_TASK OBJECTIVE_.
The response must be the exact lines from the one that contains "Anker-Pokemon-Mobile-Accessories-02.jpg" through the end of the material, with no pictures and no additional lines.

_DATASET SECTION_.
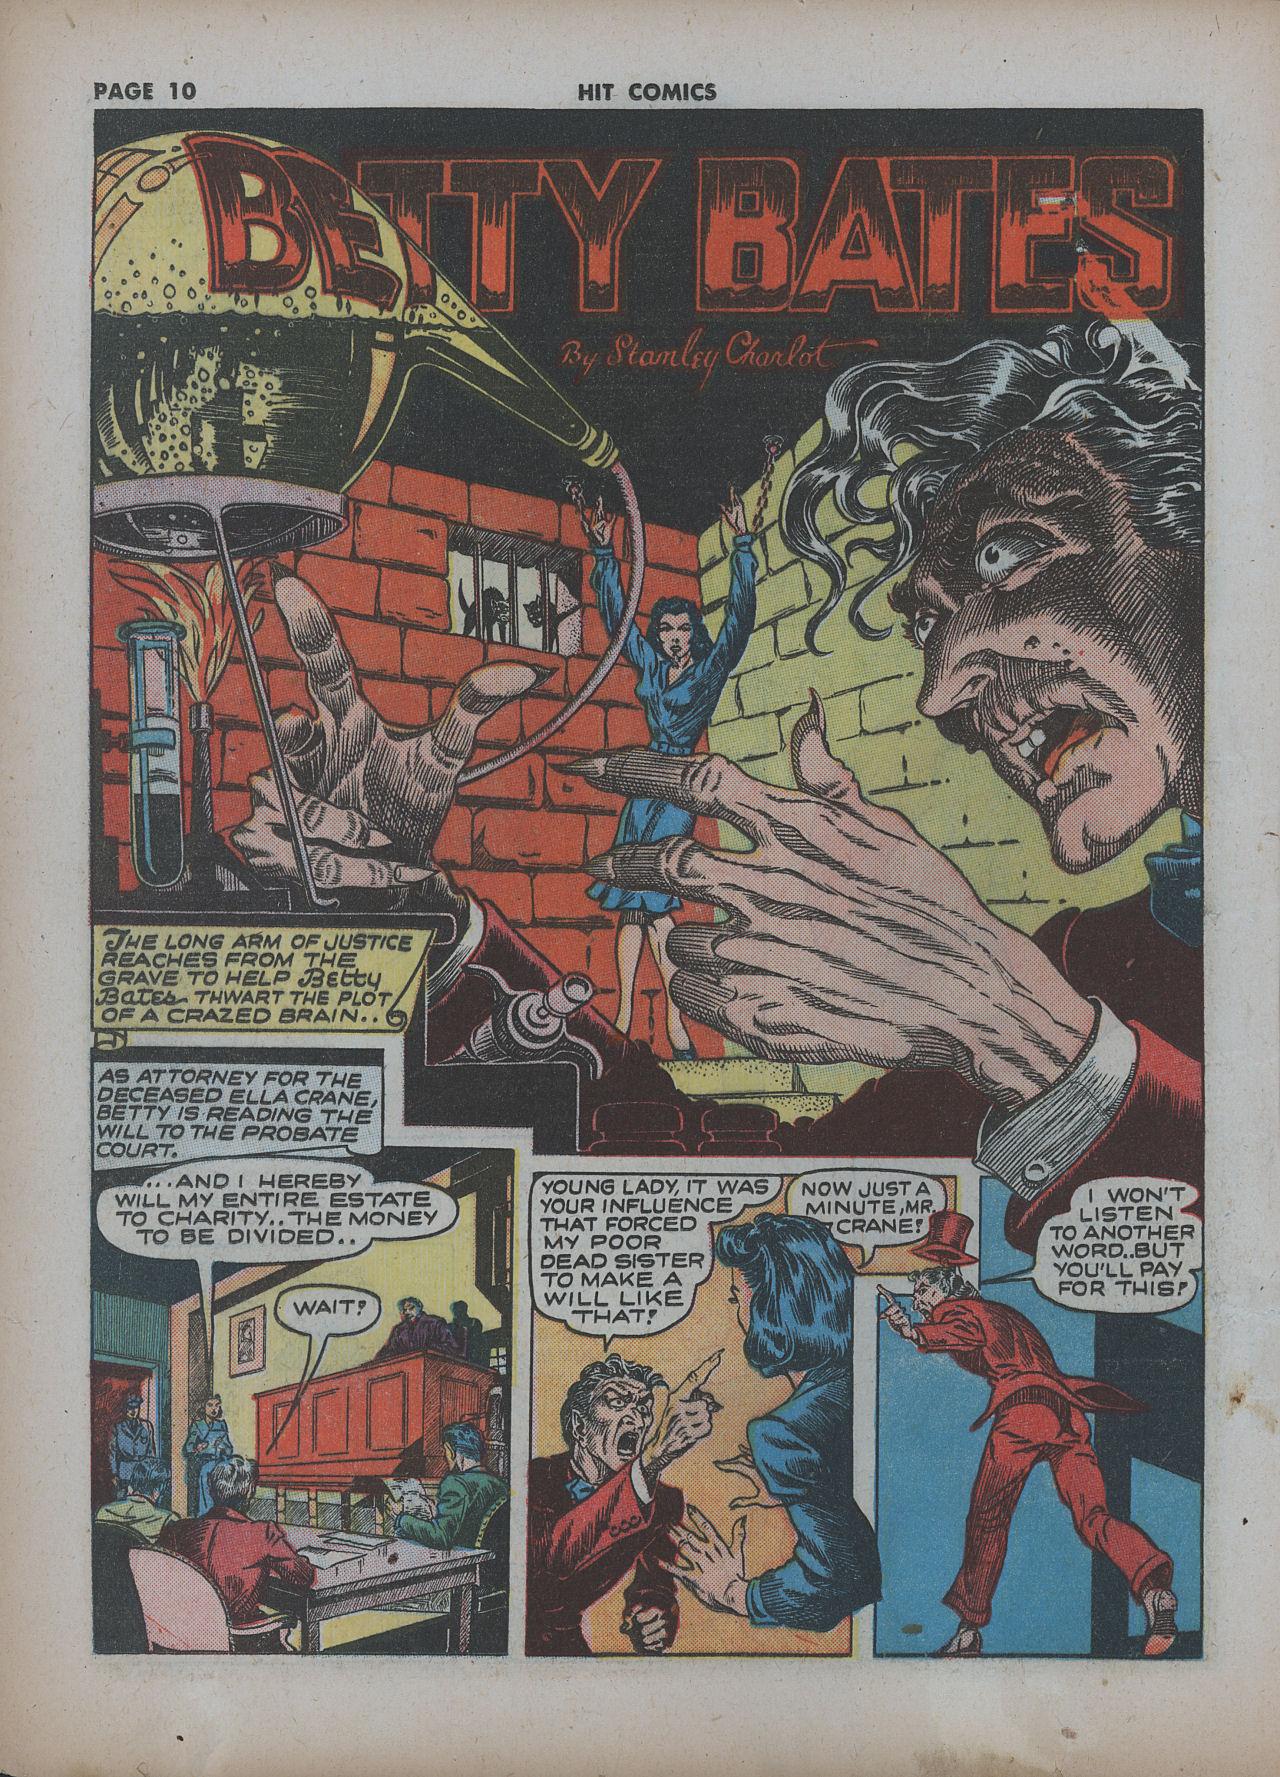 Read online Hit Comics comic -  Issue #22 - 12
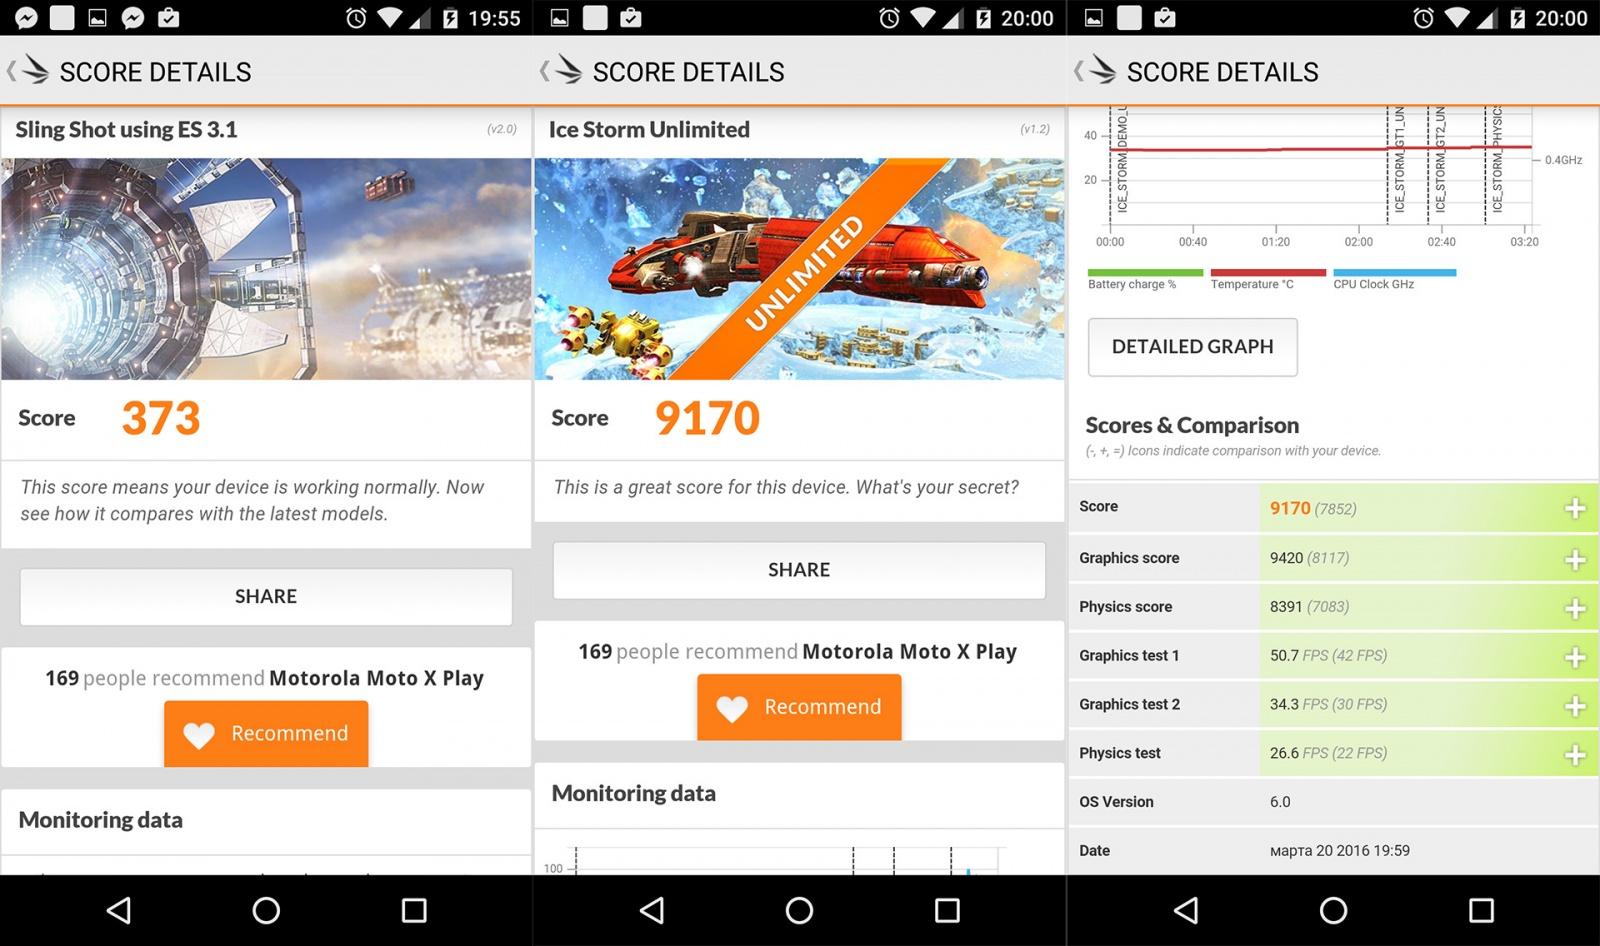 Moto X Play: яркий смартфон с ёмкой батареей - 7
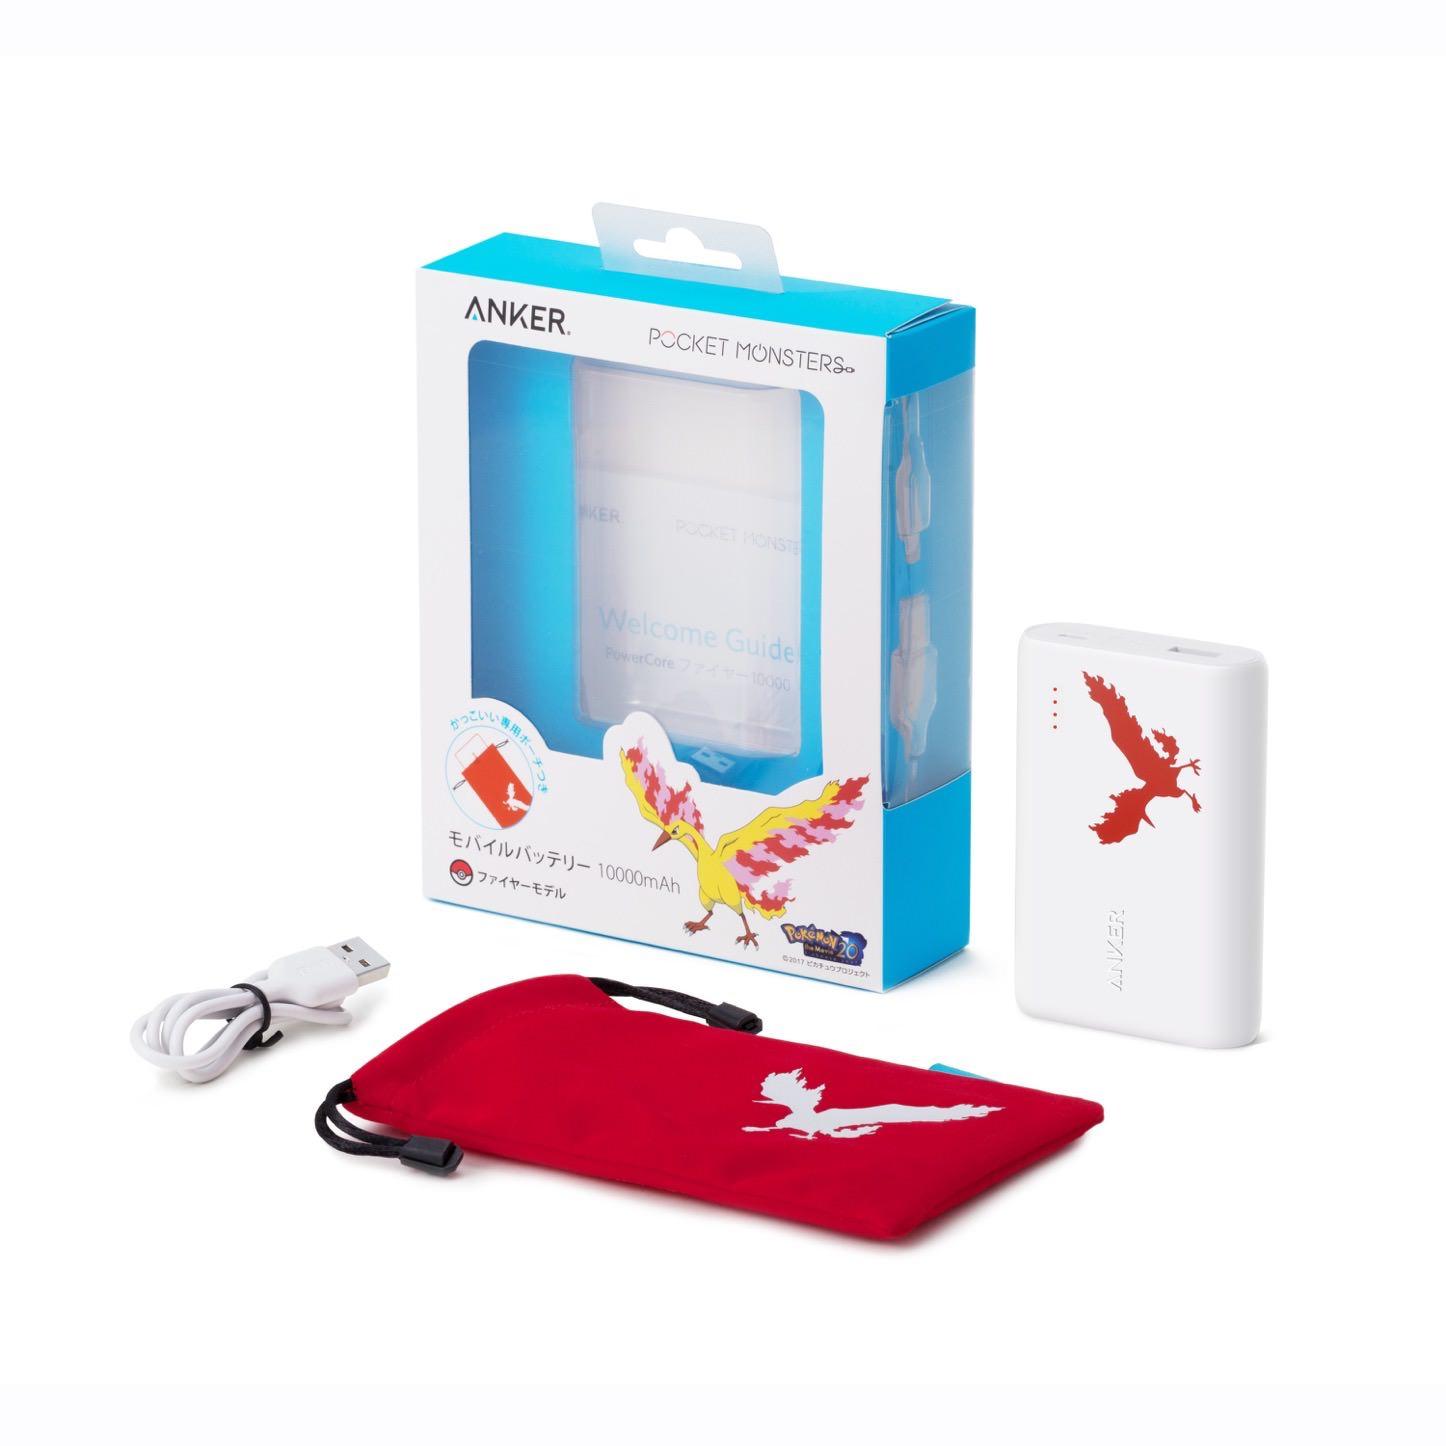 Anker-Pokemon-Mobile-Accessories-02.jpg
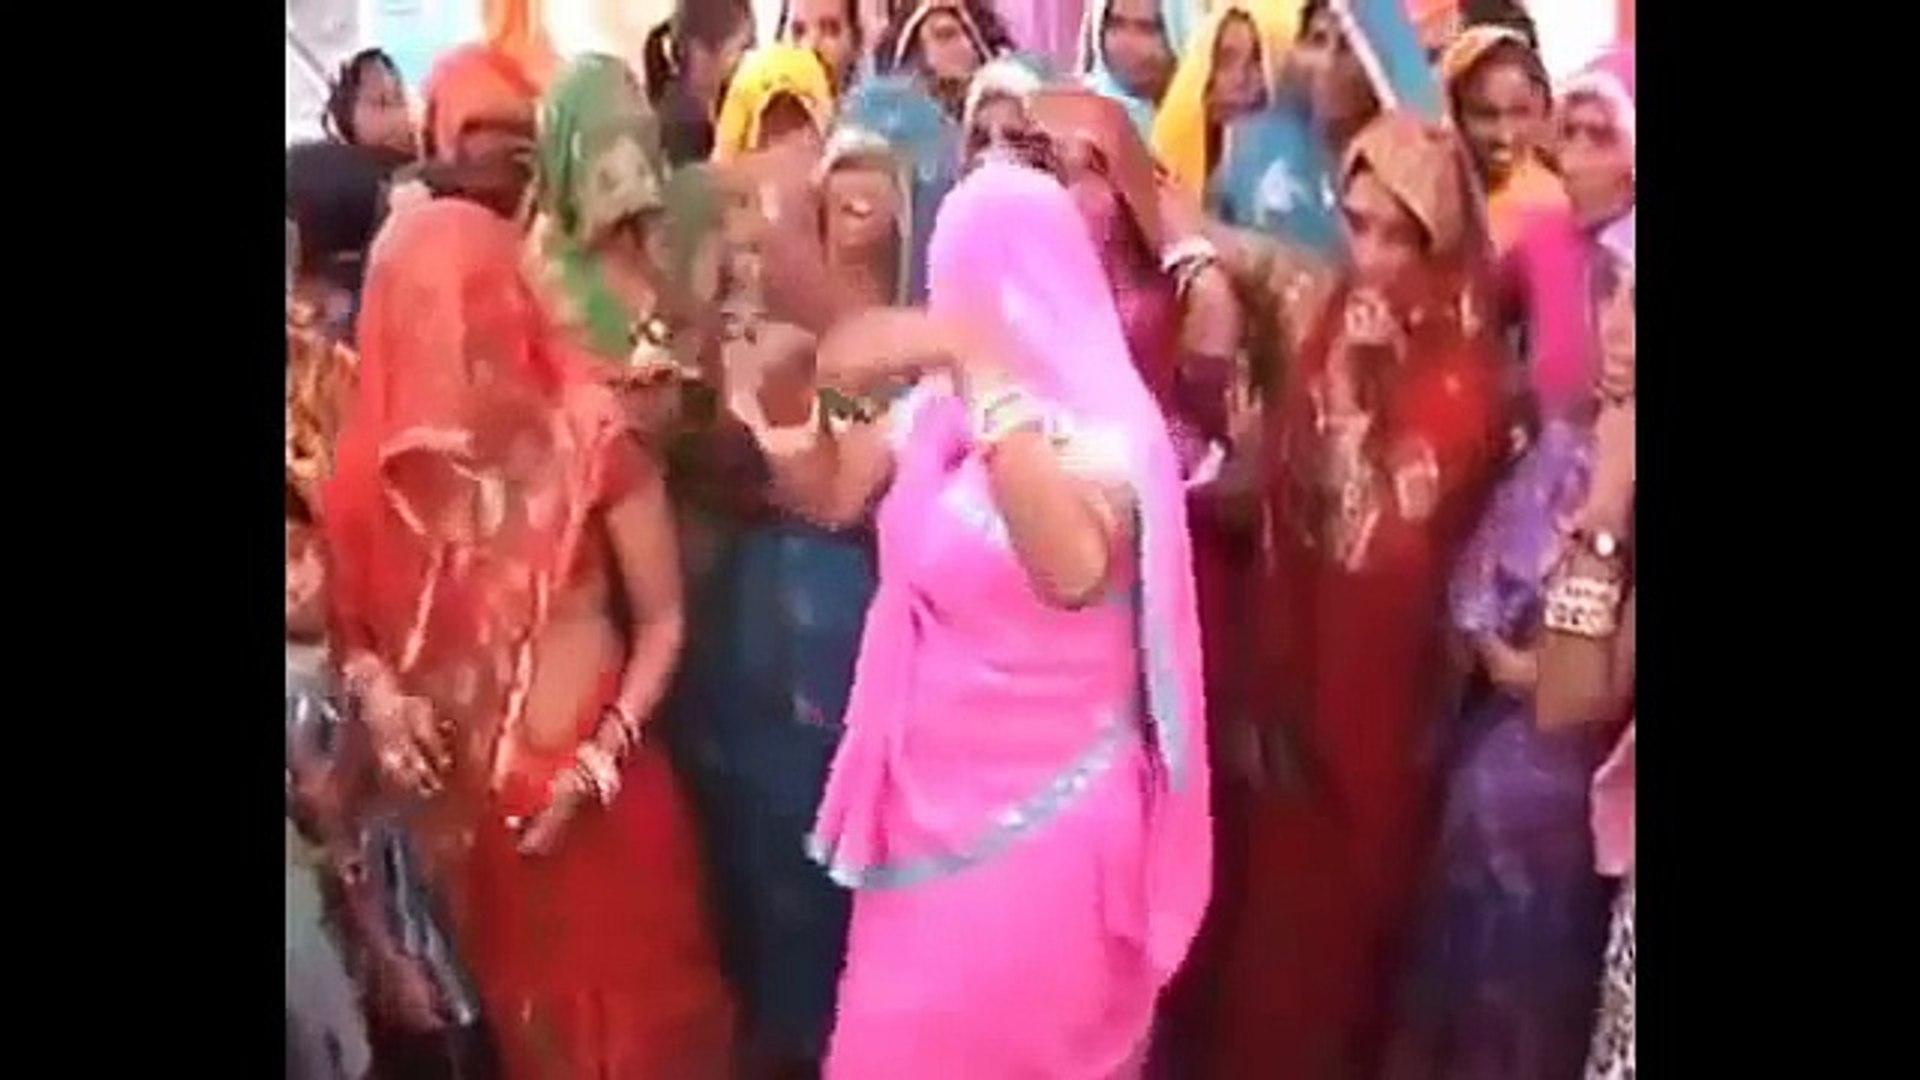 Indian Funny Videos Compilation 2015 Videos Engra ados Para Whatsapp Funny wedding videos

_EXERCISE RESPONSE_.
 Anker-Pokemon-Mobile-Accessories-02.jpg
 Indian Funny Videos Compilation 2015 Videos Engra ados Para Whatsapp Funny wedding videos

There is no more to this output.